Conversational in tone and thoroughly engaging, this travel narrative expresses joy at seeing just how many good, kind people there are in the world.
In Boarding Passes to Faraway Places, seasoned adventurer and travel writer Guy A. Sibilla, who calls himself “a hapless rambler with little regard for a world with borders,” recounts the sense of wonderment and exuberance that wandering the planet without a plan can bring.
By his teens, Sibilla, the son of an Italian American US Army serviceman and a Japanese mother, had spent half his life abroad. Not surprisingly, he became a travel writer. He has trekked throughout the Americas, Europe, Africa, Asia, Australia, and the Pacific Basin, keeping lively accounts of his travels in journals that are as much scrapbook as notepad.
Boarding Passes to Faraway Places celebrates the act of movement itself as it shares Sibilla’s love for discovering people, places, and cultures that mere tourists will never know—journeys taken on foot, on horseback, in canoes, and on buses, traversing deserts, jungles, mountains, glaciers and crevasses, tightly-packed towns, and remote outposts carrying the bare necessities in his backpack. “Wherever I ended up, even for a day, I was home,” he writes.
The book covers the years 2000 through 2007 and Sibilla’s travels to India, Pakistan, Myanmar (Burma), the cities and deserts of Syria and Jordan, Togo with its voodoo culture, the jungles of Belize, Guatemala, and Mexico, Rapa Nui (Easter Island), and the war zone of Timor-Leste. Captivating and colorful, its descriptions bring these places and their people to life. India was “the most exotic, disgusting, enchanting, appalling, poetic, filthy, bewildering, beguiling place on earth,” and his romanticized visions of Indian monastic life were shattered by the reality of a friend’s Dharamsala monastery accommodations: “a Motel 6 from hell.” Yet India, a luminous land of contrasts, taught him “to grab poetry from the air” around him.
Other contrasts are as vivid: the total devastation of East Timor contrasted with the brilliant beauty of the three-hundred-foot-high dome of Burma’s Shwedagon Pagoda, covered in gold, diamonds, rubies, and sapphires; Buddhist monks in timeless robes, their shaved heads hunched over computer screens in Dharamsala; Damascus, the site of bitter conflicts between politics and religion and at the same time home to some of mankind’s highest aspirations; and, after so much movement, the refreshing time spent breaking bread and swapping songs with Bedouins in the desert, sleeping on the red sand beneath the Milky Way with shooting stars falling into his hair.

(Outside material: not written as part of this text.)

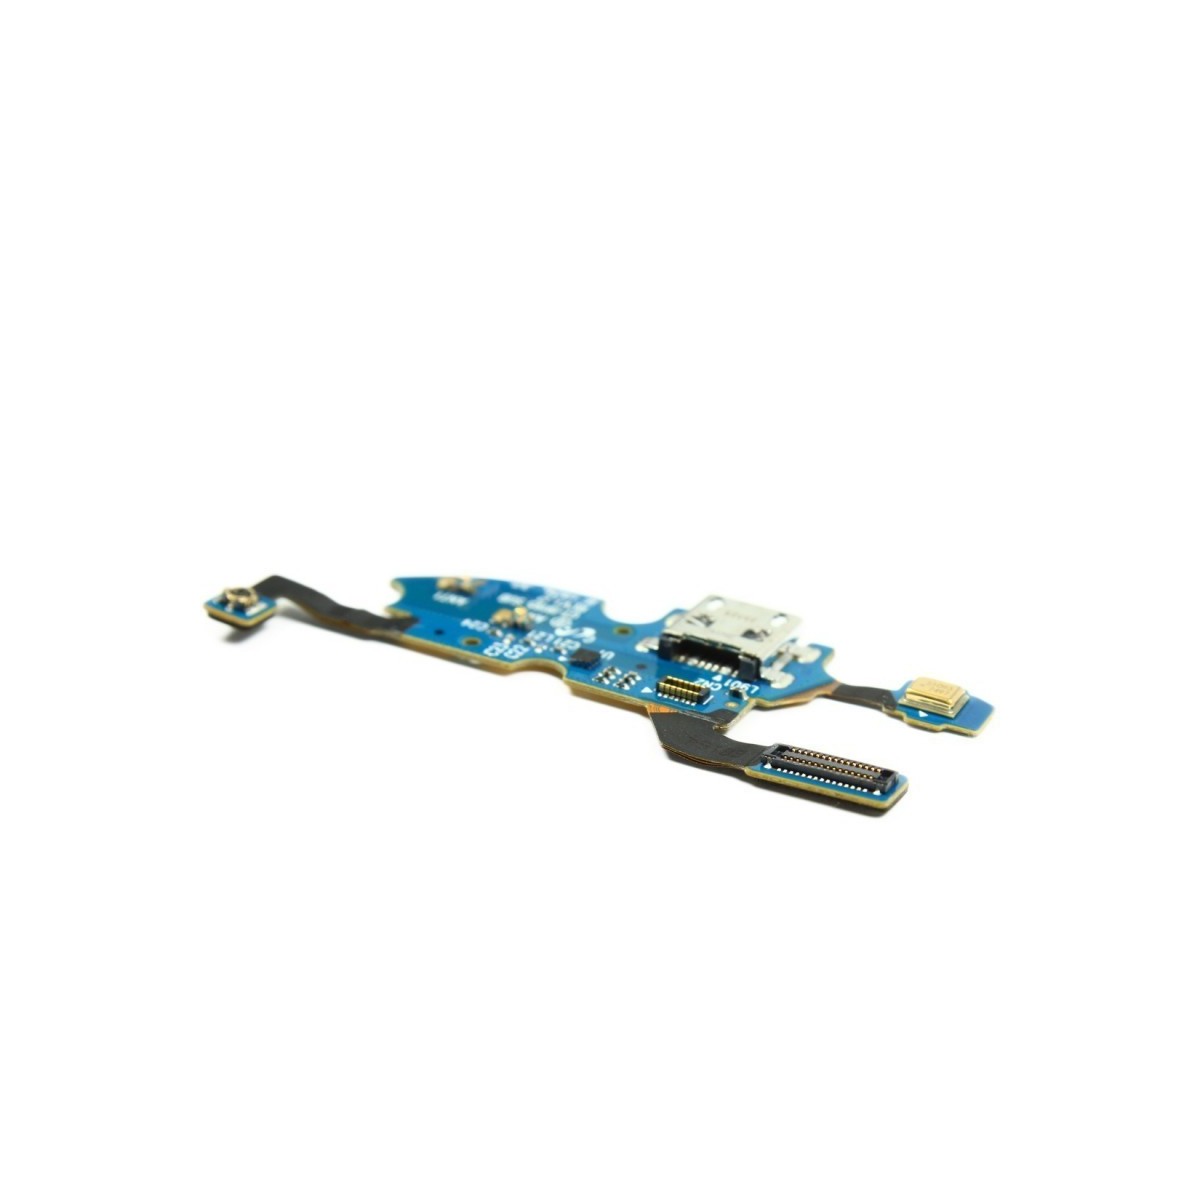 NAPPE CONNECTEUR DE CHARGE USB DOCK SAMSUNG GALAXY S4 MINI (GT-I9195)

Conversational in tone and thoroughly engaging, the narrative expresses both the dangers encountered and the joy of seeing just how many good, kind people there are in the world. There is also plenty of wry humor; it’s both scary and funny to see the words, “Oh! God Save Me!” painted on the front bumper of a bus navigating hairpin turns in mountainous terrain. The text presents some errors in grammar, syntax, spelling, and subject-verb agreement, and there is an odd shift to US involvement in a coup d’état in Chile in the midst of a section on Tahiti.
If Guy A. Sibilla’s Boarding Passes to Faraway Places has one overriding message besides excitement, adventure, and learning the truth that “there are few gifts more precious than living a day exceptionally well,” it’s surely this: “Don’t let fear keep you from taking chances, sometimes even with your life. Joy and wonder live there.”